Eli Lilly Regional Banking & Cash Management Project - impossible achieved in 3 years
by Kylene Casanova
Eli Lilly and Company, one of the world’s largest pharmaceutical companies and consistently rated as one of the best companies to work for, in 2010 set out their Global Services Design (GSD) vision for the whole company which included, to:
- bring all affiliates onto a global single version of SAP.
- optimise and leverage global process standards
- establish four new Shared Service Centers (SSC’s)
- expand utilisation of Business Process Outsourcing
- accommodate for local legal and regulatory exceptions where needed.
With great determination, Lilly then implemented this world-wide vision in less than three years.
Regional Banking and cash management project
The Regional Banking and Cash Management project was part of the implementation of the overall GSD project.

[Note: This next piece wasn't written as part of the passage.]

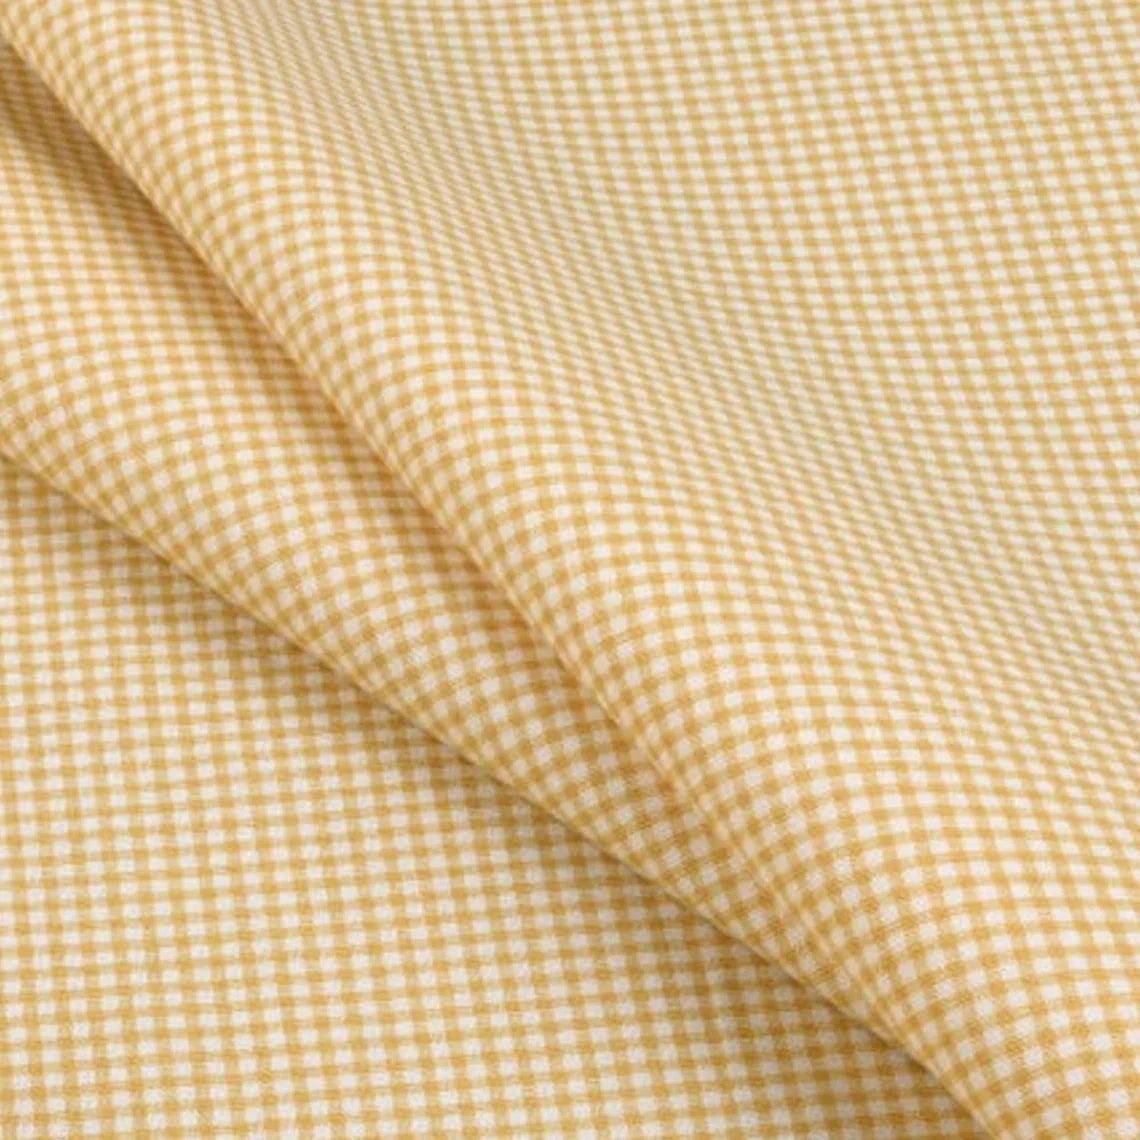 Tailored Crib Skirt in Farmhouse Barley Yellow Gold Gingham Check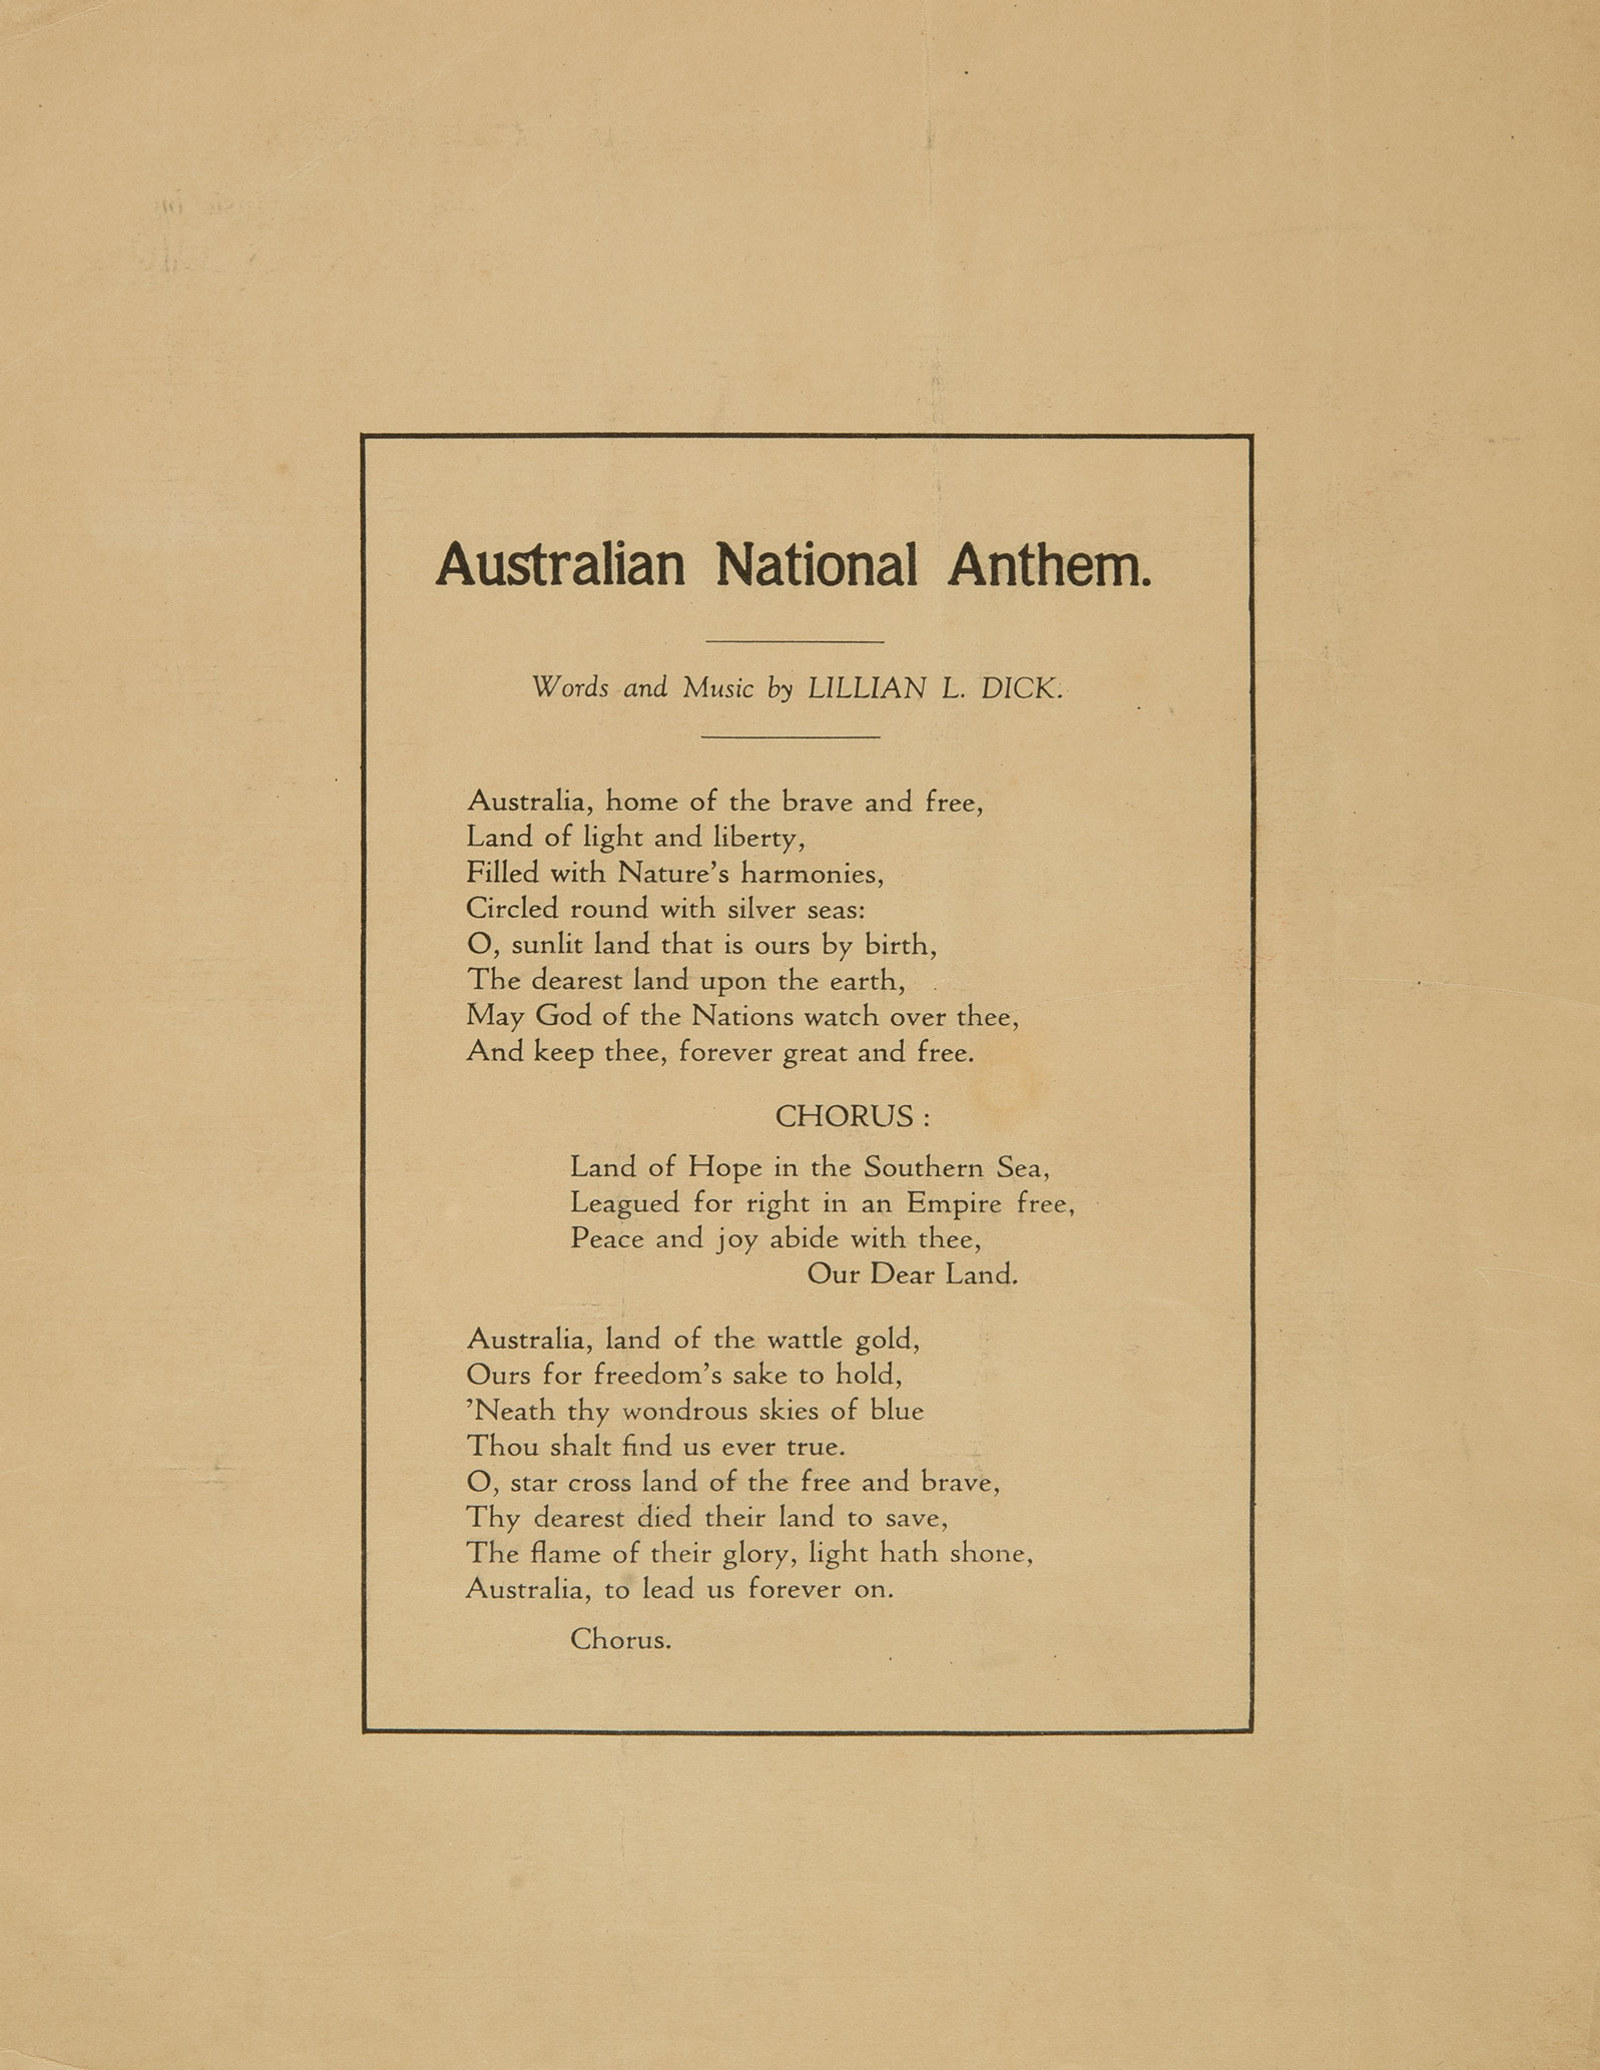 Sheet music lyrics,' Australian National Anthem', words and music by Lillian L. Dick, published 1934

Giuseppe Rossi-Espagnet, EMEA Cash Manager & Implementation Lead, at Lilly described the project in his talk at Eurofinance’s October 2013 Conference in Barcelona.
The project objectives were to achieve top tier capability and performance fully leveraging bank relationships to meet Lilly needs, and to optimise global liquidity and returns by:
- standardising and automating payment/collection processes with the support of a single instance of SAP and single interface (SWIFT)
- standardising and automating the upload and clearing of the daily electronic bank statement
- standardising and automating cash concentration and funding of legal entity accounts
- achieving total Visibility and Access to global cash.
- rationalising banks and bank accounts :
- moving to one bank per region for all transactional activity
- halving number of bank accounts and reducing bank fees.
The Regional Banking and Cash Management project was implemented across 68 countries and 117 legal entities incredibly from Q3 2010 to early 2013, as the Implementation Timeline shows:
Source & Copyright©2013 - Eli Lilly and Company
The bank account structure adopted was extremely simple with one bank account per legal entity in the functional currency of the entity:
- combining concentration, disbursements, receipts, & payroll
- centralizing and minimizing account signatories
- enabling a global view of bank fees charged to a standard GL account.
- only exceptions to this framework allowed were statutory or legal policy.
The liquidity structure was also very simple: 1) maximising automated physical cash concentration up to header accounts, and 2) working with the regional bank to optimize returns on trapped cash.
Lessons learnt
At the end of this talk, Rossi-Espagnet listed some of the main lessons learnt on the project:
- the upfront challenges Lilly set for themselves:
- integrating the Treasury and Cash Management project into the overall Global Services Design plan (SSC, SAP) and GSD planning to implement SAP in 60+ Countries in two years
- the need to align banking partners delivery into already existing timelines, and the conflict between bank vs. internal development design decisions
- managing staffing internal teams and within cross-functional teams with multiple parallel phases in development across regions.
- internal lessons:
- ensure CFO and Treasurer Sponsorship combined with the right level of resourcing
- need exceptional project management with particular emphasis on communication
- Business Requirements: need to document requirements; ensure you get sign-off by affiliate, technical team, and bank; Lock Scope, do not allow any increase; and test as much as possible
- Data Quality: demand specificity from the bank; and spend the time to carryout master data clean up before implementing.
- external partners:
- Regional Banks - use: intuitive EBS file naming convention; reliable Payment Status acknowledgement (pain002); transaction code uniformity (per pay method across the region); bank SAP certified MT940 format in order to leverage detail level of BTC codes; and consolidated periodic bank statement analysis (xls)
- SWIFT Service Bureau implementation: ensure data and process integrity; fully test the system redundancies (BCP); and adopt a partnership mindset.
CTMfile take: Many companies would not even think of such a project, let alone do it. The clarity and simplicity of the vision are impressive, e.g. one version of SAP everywhere, and just one bank account per legal entity in the functional currency of the entity. To successfully implement this vision in 117 entities in 68 countries in less than three years is just amazing. The lessons learnt should be a guide for others attempting large multi-country projects.